───── Data section ─────
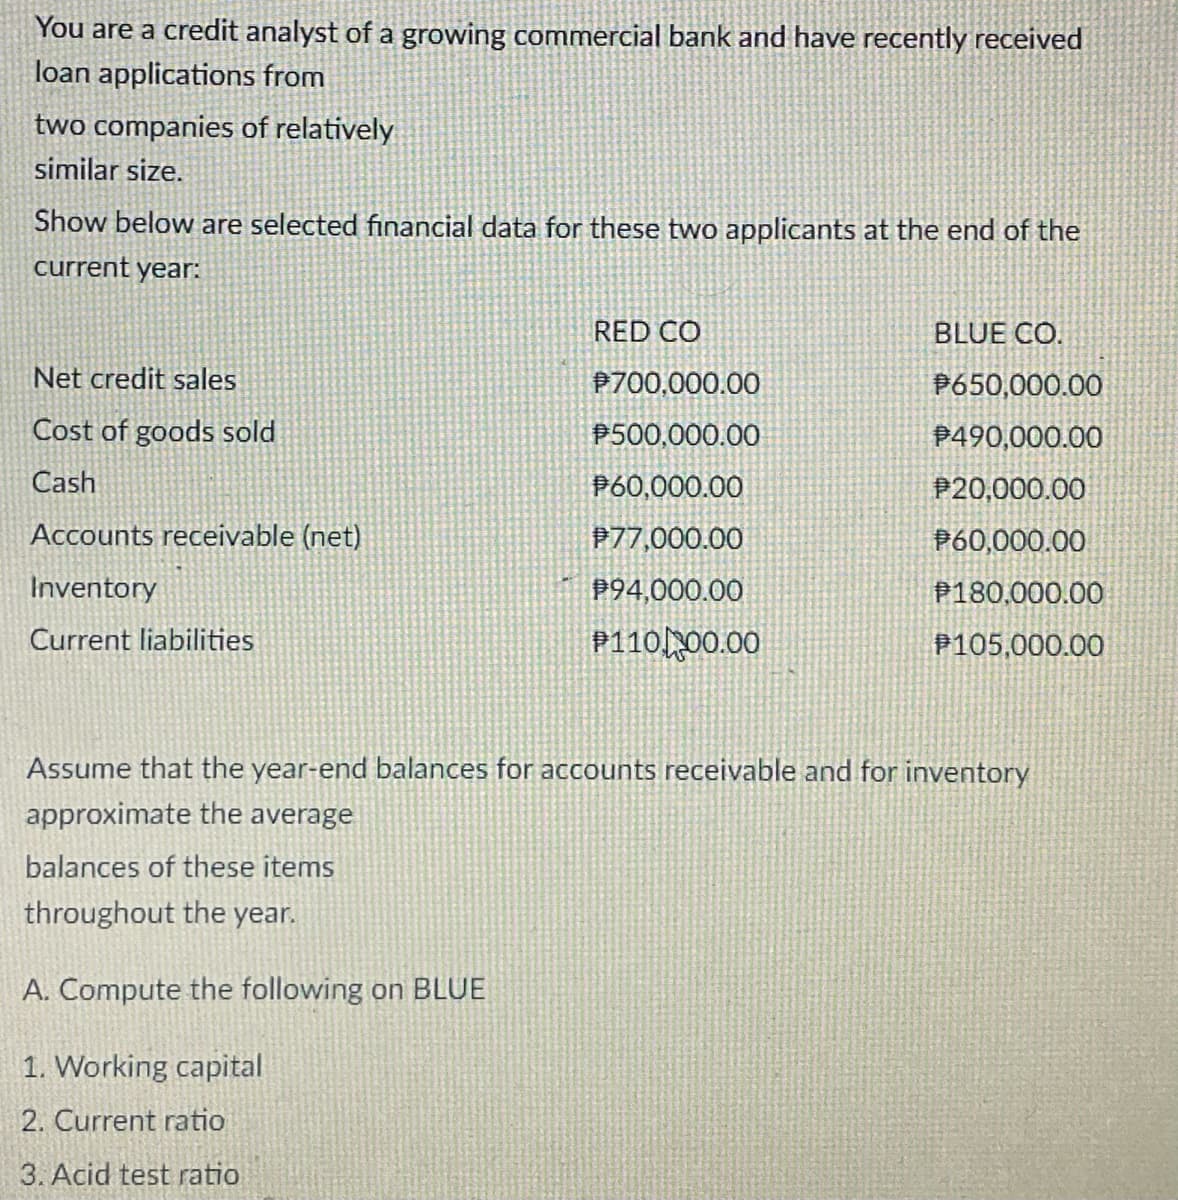 You are a credit analyst of a growing commercial bank and have recently received
loan applications from
two companies of relatively
similar size.
Show below are selected financial data for these two applicants at the end of the
current year:
RED CO
BLUE CO.
Net credit sales
P700.000.00
P650,000.00
Cost of goods sold
P500,000.00
P490,000.00
Cash
P60,000.00
P20,000.00
Accounts receivable (net)
P77,000.00
P60,000.00
Inventory
P94,000.00
P180,000.00
Current liabilities
P11000.00
P105,000.00
Assume that the year-end balances for accounts receivable and for inventory
approximate the average
balances of these items
throughout the year.
A. Compute the following on BLUE
1. Working capital
2. Current ratio
3. Acid test ratio
─────
*Task to complete*. Repeat the entries faithfully. Any picture gets left out.

*Solution for this problem*.
 You are a credit analyst of a growing commercial bank and have recently received
loan applications from
two companies of relatively
similar size.
Show below are selected financial data for these two applicants at the end of the
current year:
RED CO
BLUE CO.
Net credit sales
P700.000.00
P650,000.00
Cost of goods sold
P500,000.00
P490,000.00
Cash
P60,000.00
P20,000.00
Accounts receivable (net)
P77,000.00
P60,000.00
Inventory
P94,000.00
P180,000.00
Current liabilities
P11000.00
P105,000.00
Assume that the year-end balances for accounts receivable and for inventory
approximate the average
balances of these items
throughout the year.
A. Compute the following on BLUE
1. Working capital
2. Current ratio
3. Acid test ratio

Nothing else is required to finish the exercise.